Back to Manifesto

Principle 1: Make the right thing the easy thing — not the only thing

Every platform decision should answer: does this help developers focus on delivering business value, or does it add friction they must carry? Golden paths guide developers towards safe, reliable outcomes — with security and compliance built in by design, invisible rather than adversarial. They must always include escape hatches: teams that need to diverge responsibly should be supported, not punished.

20 Practical Examples

  1. Scaffold with security baked in — Provide a create-service CLI command that generates a new microservice with TLS, structured logging, and secret injection pre-configured so developers never start from a blank, insecure slate.

  2. Pre-approved base images — Publish a curated set of hardened container base images in the internal registry. Developers pull internal/node:20 and get a patched, minimal image without thinking about CVEs.

  3. Lint rules as guardrails, not blockers — Ship a shared linter configuration that flags insecure patterns (e.g., hardcoded secrets, HTTP instead of HTTPS) in CI with clear fix instructions, rather than silently passing or hard-failing with no guidance.

  4. Default resource limits in Kubernetes — Apply a LimitRange and ResourceQuota to every namespace by default so that new workloads automatically get sensible CPU and memory boundaries without requiring a ticket.

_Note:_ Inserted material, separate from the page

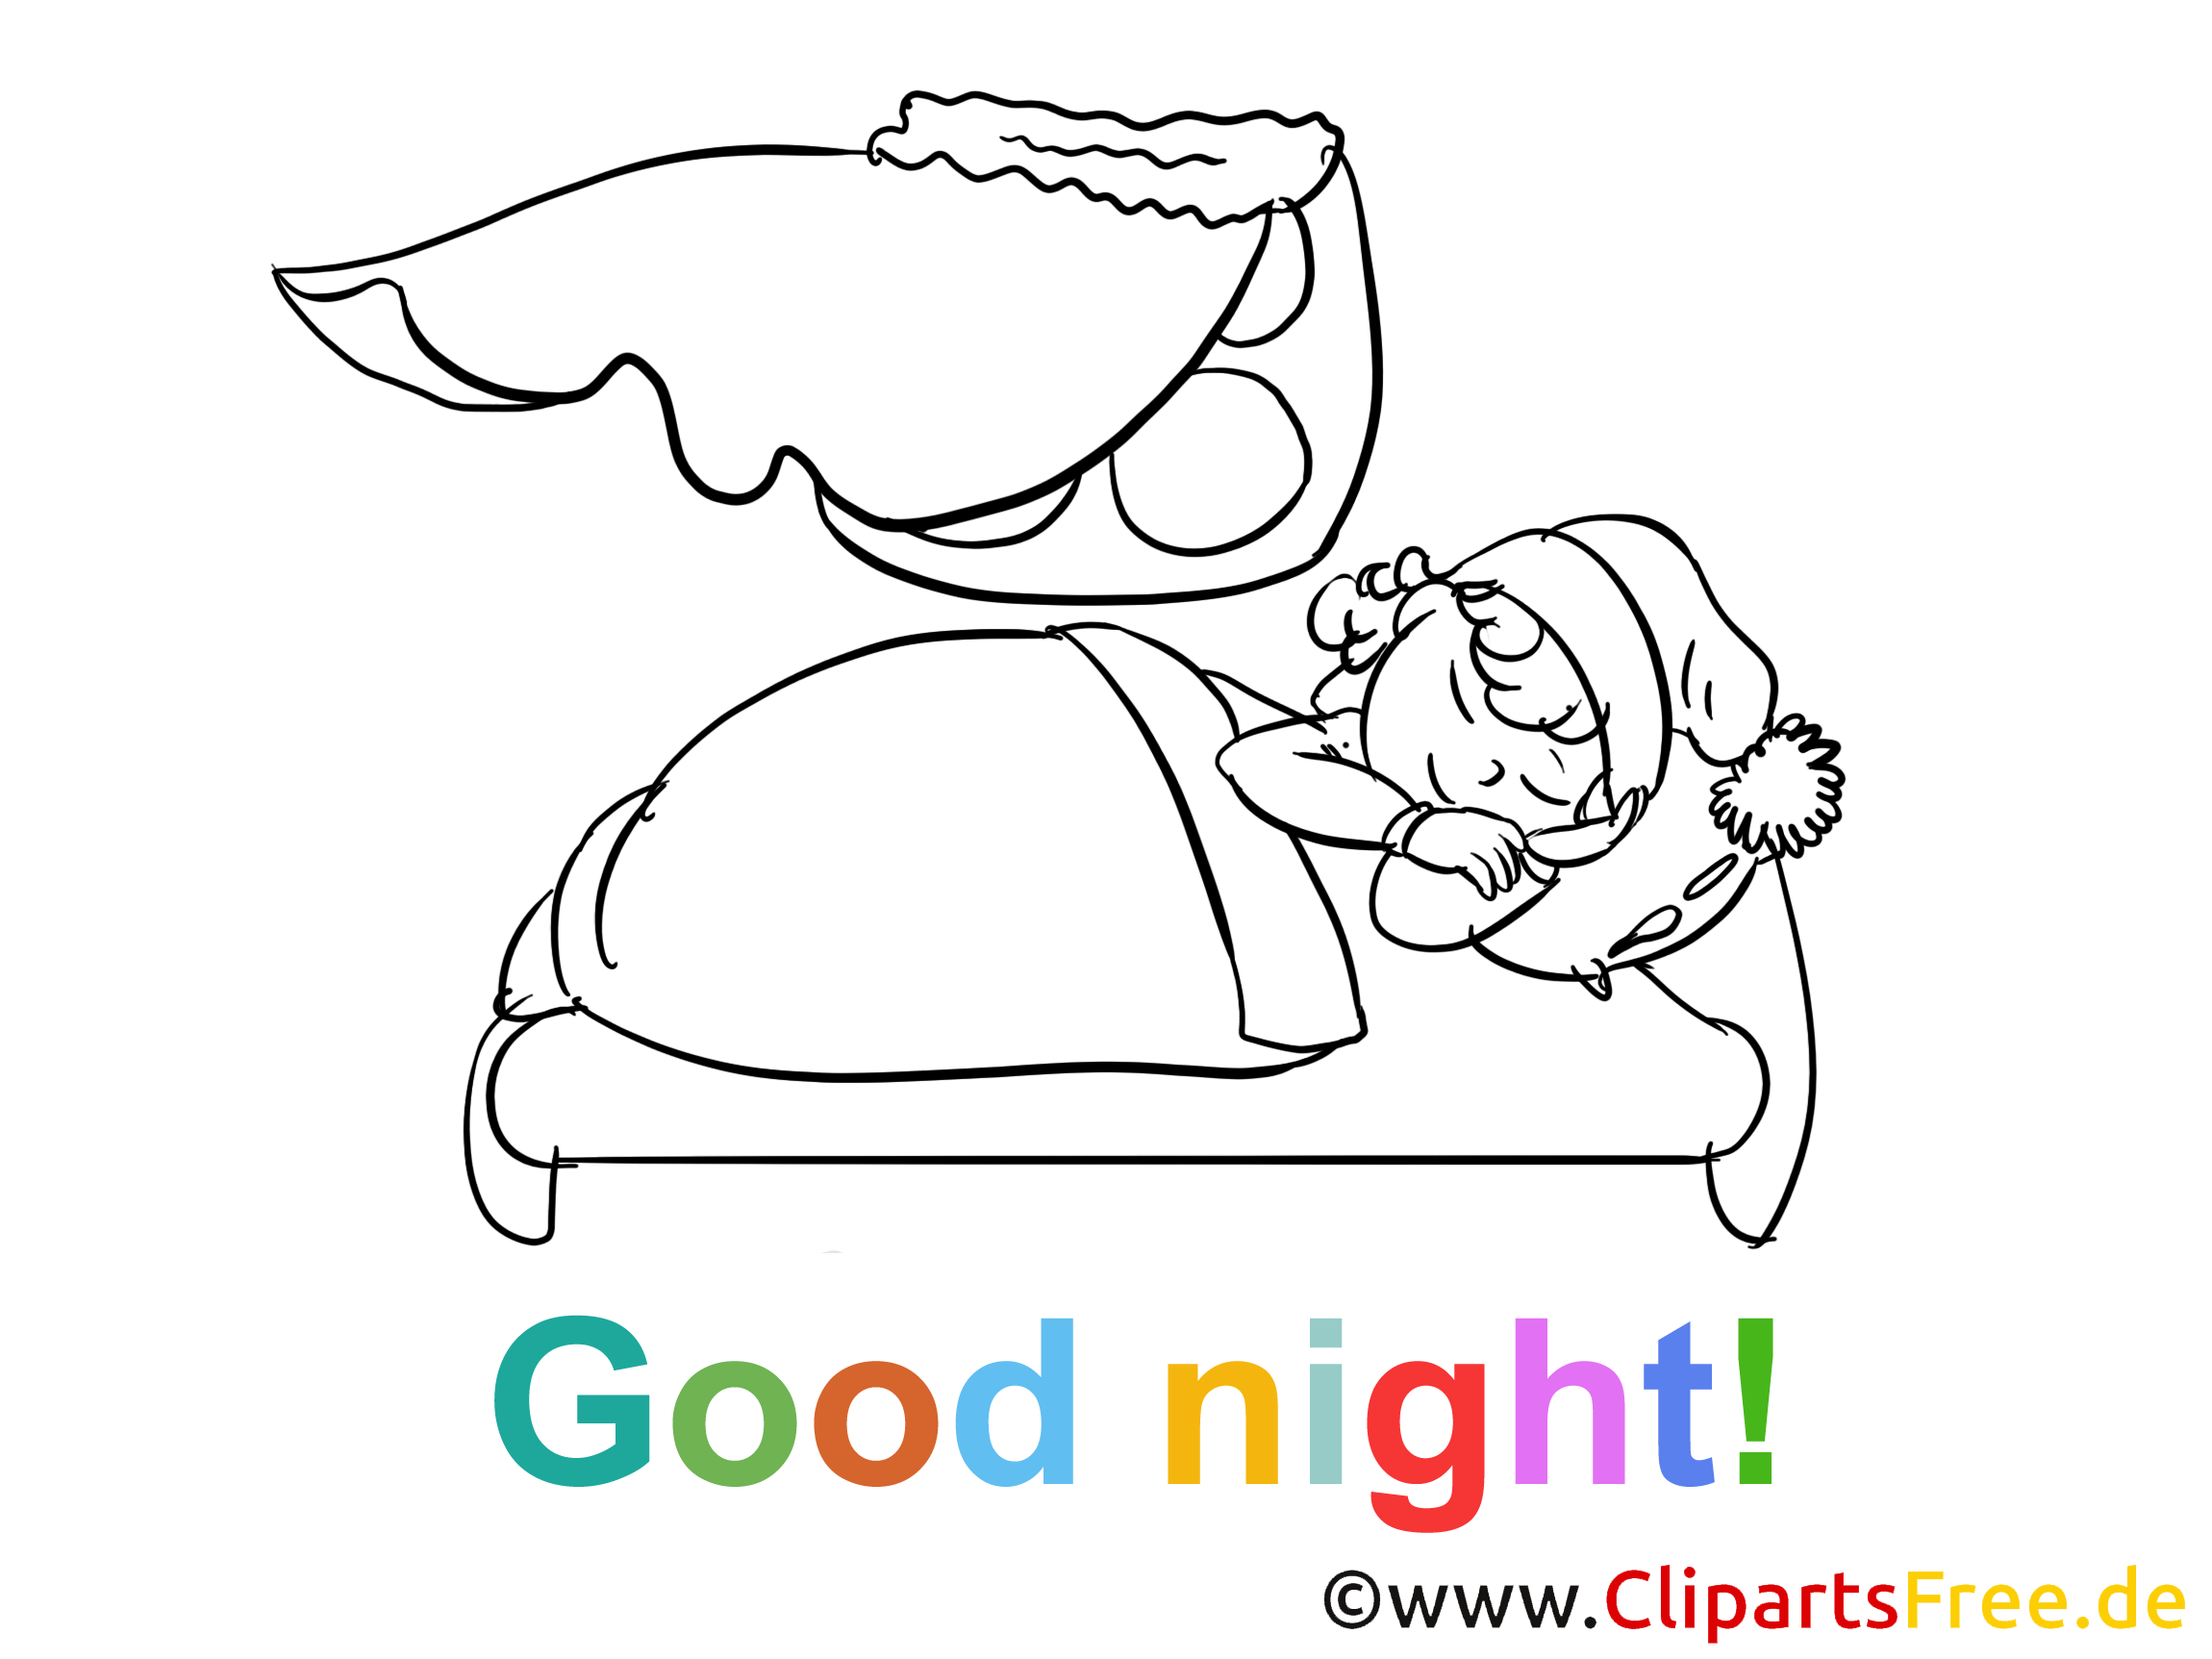 Bonne nuit image à colorier gratuite

  5. One-command local environment — Provide a platform dev up command that starts a local stack (database, message broker, stub services) with a single command, eliminating multi-page setup guides.

  6. Automated dependency updates — Run Dependabot or Renovate pre-configured across all repositories so teams receive automatic PRs for dependency updates rather than having to remember to check.

  7. Secret rotation without code changes — Integrate secrets management so that rotating a database password is a platform operation, not a developer task requiring a deployment.

  8. Built-in distributed tracing — Inject an OpenTelemetry sidecar or SDK wrapper by default so every service emits traces without developers wiring up instrumentation manually.

  9. Self-healing deployments — Configure liveness and readiness probes in the golden-path deployment template so Kubernetes restarts unhealthy pods automatically without developer intervention.

  10. Compliance-as-code in CI — Embed Open Policy Agent (OPA) checks in the CI pipeline that block deployments with missing labels, wrong image registries, or overly permissive RBAC — with a link to the approved fix.

  11. Network policies by default — Apply a default-deny network policy to all new namespaces so that only explicitly declared traffic is permitted, removing the need for developers to think about lateral movement risks.

  12. Escape hatch via platform.override.yaml — Allow teams to declare justified exceptions in a versioned override file reviewed during pull requests, so diverging from the golden path is possible but auditable.

  13. Preview environments on every PR — Automatically spin up an ephemeral environment for every pull request so reviewers can test changes without manually deploying to shared environments.

  14. Runbook links in alerts — Attach a runbook_url label to every alert rule so that on-call engineers land directly on remediation steps instead of searching Confluence at 3 AM.

  15. Database migrations in the deployment pipeline — Include a migration step in the golden-path pipeline that runs schema changes safely before rolling out the application, so developers don’t run psql by hand in production.

  16. Role-based access templates — Offer pre-defined IAM/RBAC role bundles (developer, operator, read-only) that teams request rather than composing permissions from scratch, reducing misconfigurations.

  17. Cost visibility in pull requests — Post an automated cost estimate comment on infrastructure PRs so engineers see the financial impact of their changes before merging.

  18. Shared observability dashboards — Pre-build Grafana dashboards for the standard golden-path stack (RED metrics, JVM heap, DB connections) so teams have useful dashboards from day one without building their own.

  19. Centralised log aggregation by default — Route container stdout/stderr to the central log platform automatically via a DaemonSet, so developers kubectl logs in dev and query Loki/Splunk in production without extra setup.

  20. Graceful degradation patterns in the SDK — Provide a platform SDK with a built-in circuit breaker and fallback interface so developers get resilience patterns without implementing Hystrix from scratch.